Take, for instance, the Ottawa Baseball Stadium, a single purpose baseball park which, some would argue, has become somewhat of a blight upon the Coventry Road landscape. Built in 1993 to accommodate Triple-A baseball, it became home to the Ottawa Lynx where they remained until 2007. During their tenure at the facility, the team initially set league attendance records (averaging just under 9,800 per game) but attendance gradually declined to about 1,000 fans per game: the lowest attendance of any team in the International League.
In a nutshell, the Ottawa Lynx pulled up stakes and moved to Pennsylvania because of "the sheer lack of interest that Ottawa fans [were] showing". Lynx owner Ray Pecor could not have made it any clearer when he advanced the position "if Ottawa fans show some interest in the team, the Lynx will stay in Ottawa. But if the seats stay empty, it may well go somewhere else". And go they did, to Allentown Pennsylvania, where they continue to play in the International League as the Lehigh Valley Ironpigs.

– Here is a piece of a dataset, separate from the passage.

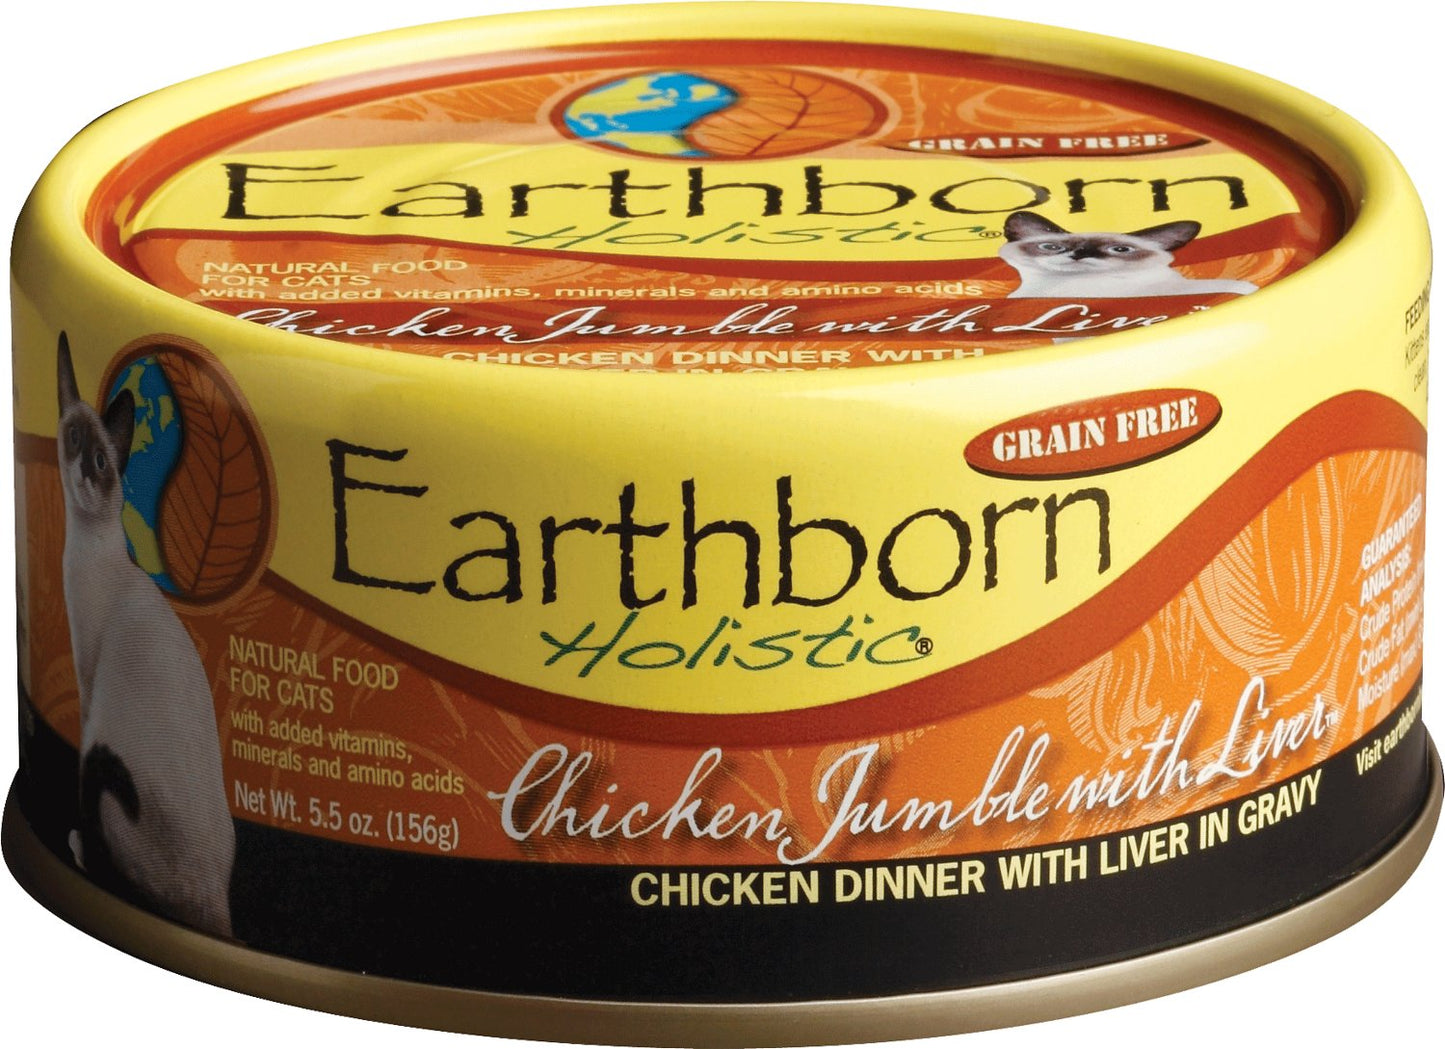 Earthborn Holistic Chicken Jumble with Liver

The Ottawa Rapidz, an expansion franchise in the Can-Am League, occupied Ottawa Stadium in 2008. Despite drawing slightly larger crowds than the Lynx had managed in its final few years, the Rapidz' success was short-lived, playing only one season, ending in bankruptcy the following year. A new franchise, the Ottawa Voyageurs, was announced by the league for the 2009 season, however a lack of prospective owners, coupled with Ottawa's low-yield market and declining economic conditions would ensure the Voyageurs would never field a team. Baseball, in Ottawa, had struck out after three attempts at bat and Ottawa Stadium remained vacant in 2009.

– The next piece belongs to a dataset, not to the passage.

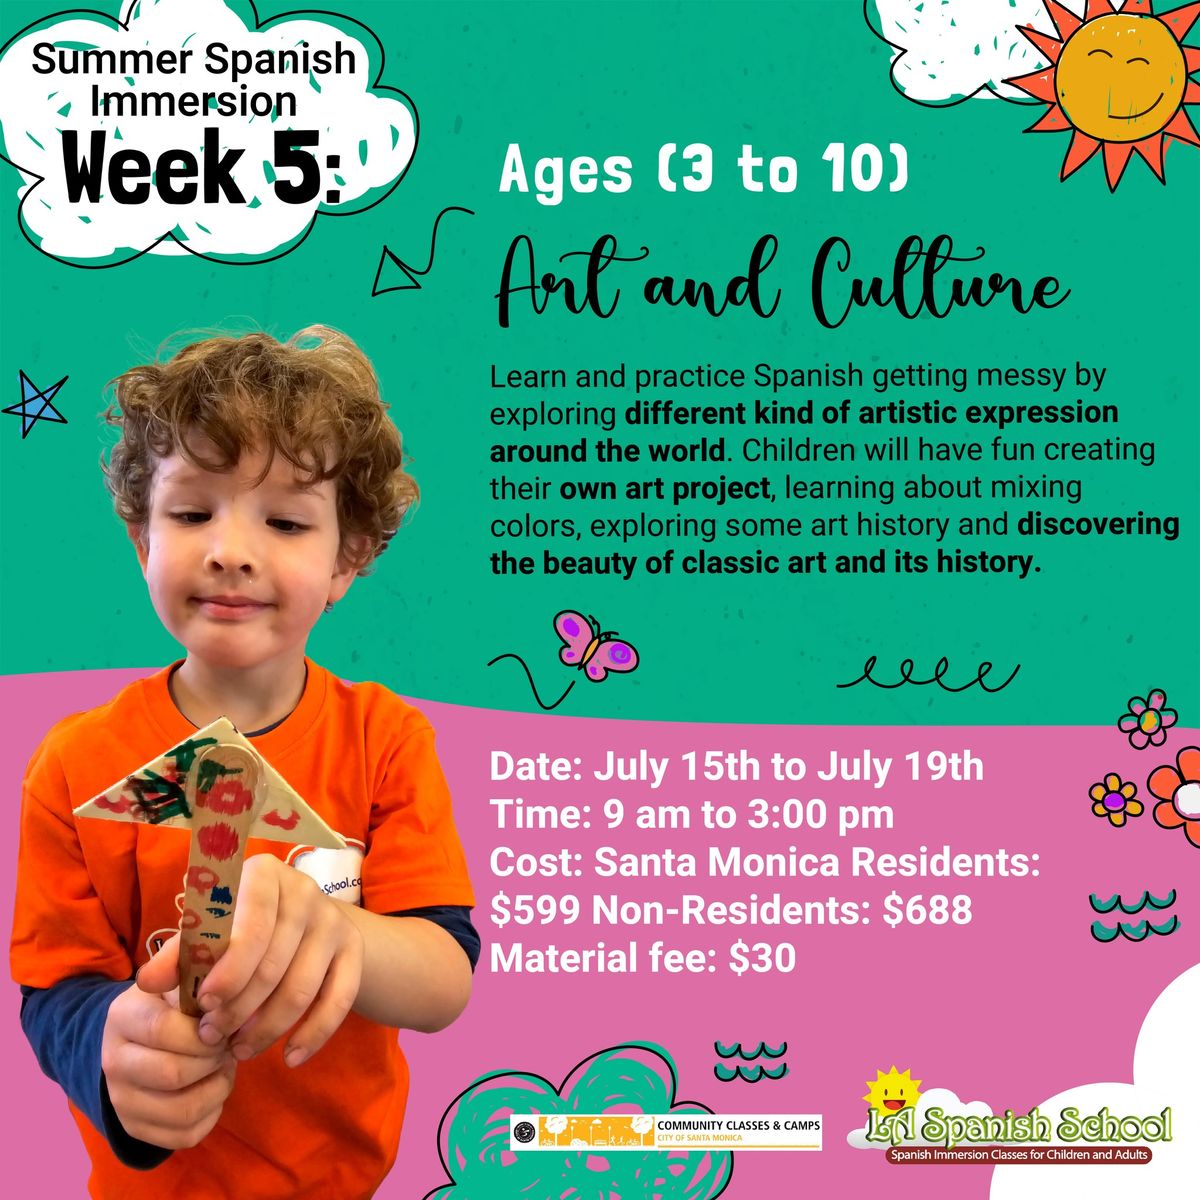 Summer Spanish Immersion Camps (Week 5)

In January 2010, the Intercounty Baseball League awarded Ottawa an expansion franchise and on 15 May 2010 the Ottawa Fat Cats took to the field at Ottawa Stadium where they continue to play to this day. A friend of mine, with whom I meet for breakfast on a weekly basis, is a Fat Cats season ticket holder. He has, in fact, been a loyal Portly Pussy supporter throughout their entire three year history. I accompanied Dave to about a half dozen games this season and felt the Tallow Tabbies offered up reasonably high calibre baseball with exceptional entertainment value. So good, in fact, that I'd sign up for season tickets myself next year but it looks as though the Fat Cats might be the Stray Cats as Ottawa's ambitions for Double-A ball may render the team homeless.

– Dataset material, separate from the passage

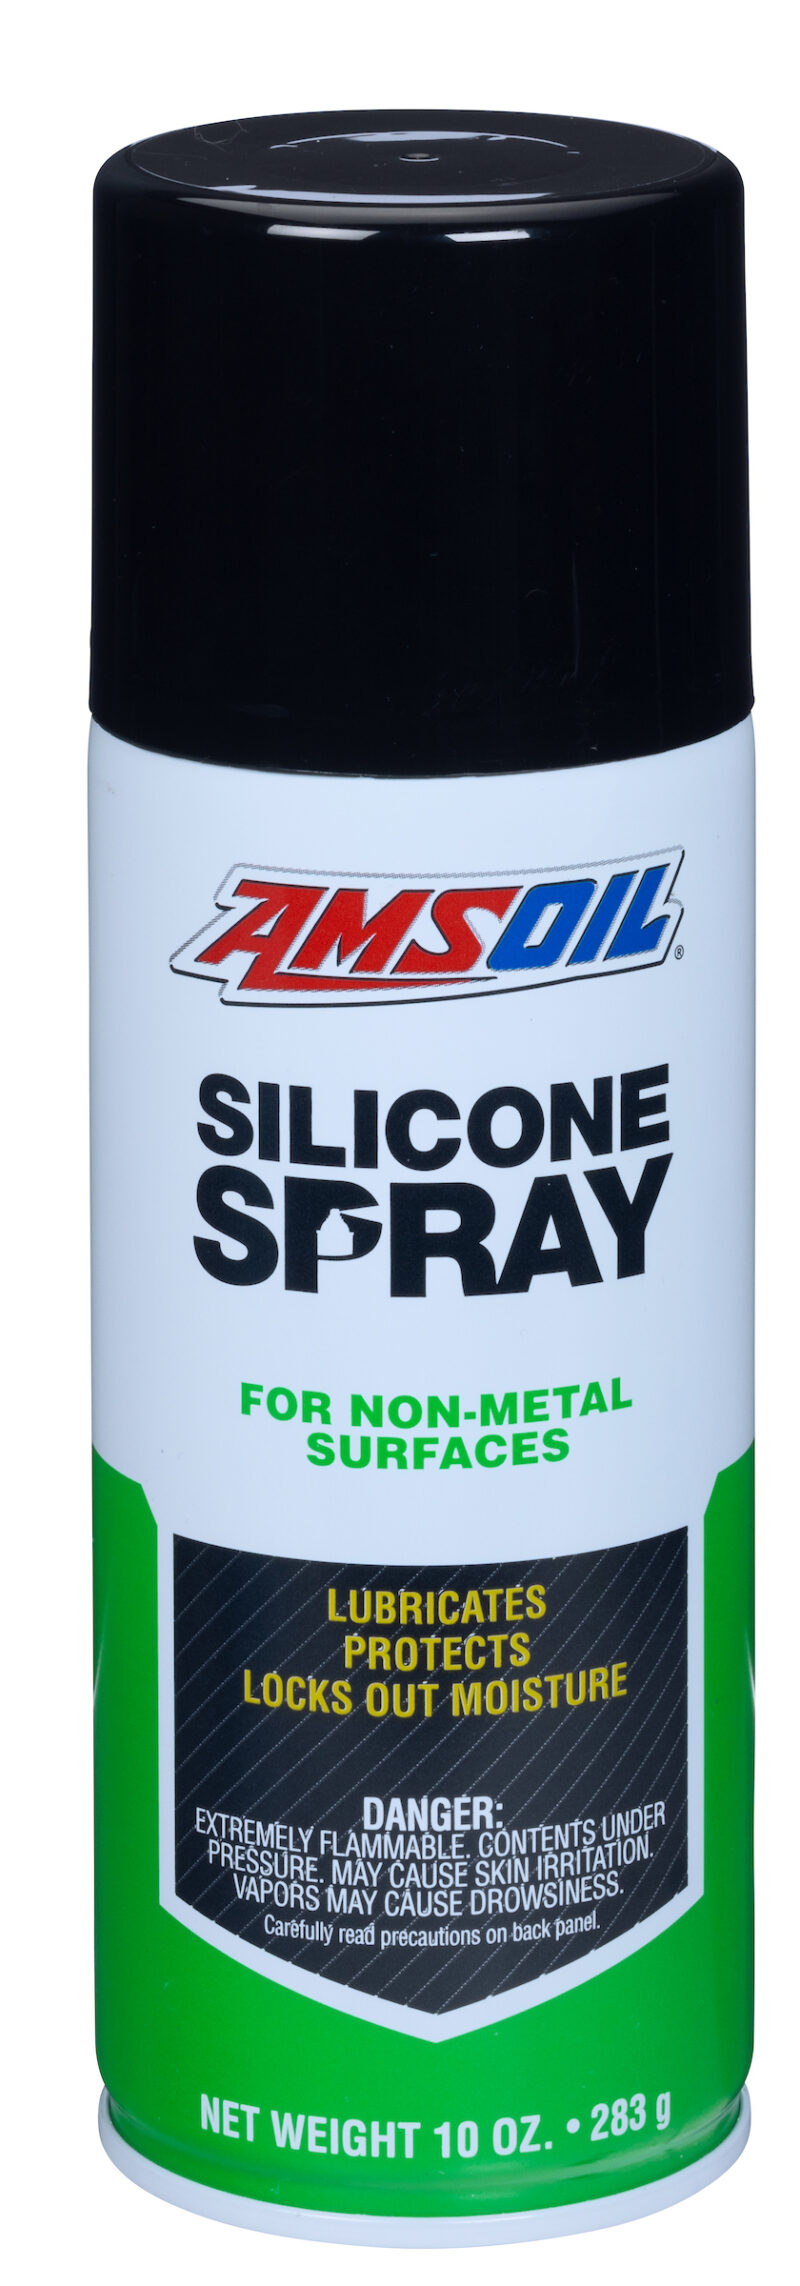 AMSOIL Silicone Spray - For Non-Metal Surfaces

Last year, the City of Ottawa reached an agreement in principal with Beacon Sports Capital Partners in an arrangement which seeks to bring Double-A baseball to Canada's capital. Mayor Jim Watson, in a tweet late last week, asserted that "Ottawa will get a professional baseball team in 2014, as well as renovations to Ottawa Stadium". Of course Watson's enthusiasm is likely overly optimistic given the whole deal hinges on one small, seemingly insignificant, fact: Beacon Sports has to find a buyer for an unnamed Eastern League team willing to move the franchise to Ottawa and assume the Ottawa Stadium lease agreement. Part of that lease agreement, incidentally, will allow the new team owners to sublet the newly renovated multi-purpose Ottawa Stadium and host other events as a means of generating revenue.
Several incredibly innocent questions come to mind as I consider the fate of the Ottawa Fat Cats, Ottawa Stadium and the feasibility of Double-A baseball in Ottawa. Why does the facility, which accommodated Triple-A baseball just five years ago require $12 million in upgrades to accommodate lower calibre baseball? Why has Ottawa Stadium not been maintained by the City? Why is the City, after spending millions to renovate the facility to accommodate other events, signing away the right to lease the stadium for those other events? Why hasn't the City been using this facility to accommodate other events all along? And finally, given Ottawa's track record with baseball, and their inability to sustain a Triple-A baseball club, what makes Double-A baseball suddenly seem more viable?
Were I cynical, my crystal ball might reveal a homeless and defunct Ottawa Fat Cats, a Double-A team that simply fails to materialize and a vacant unmaintained stadium whose destiny includes a date with a wrecking ball. "Say," he asks with one eyebrow slightly raised, "wouldn't a nice walking bridge from the transitway over the Queensway make that property extremely valuable to property developers itching to build condomininiums?"
"Nudge, nudge, wink, wink, know what I mean, say no more."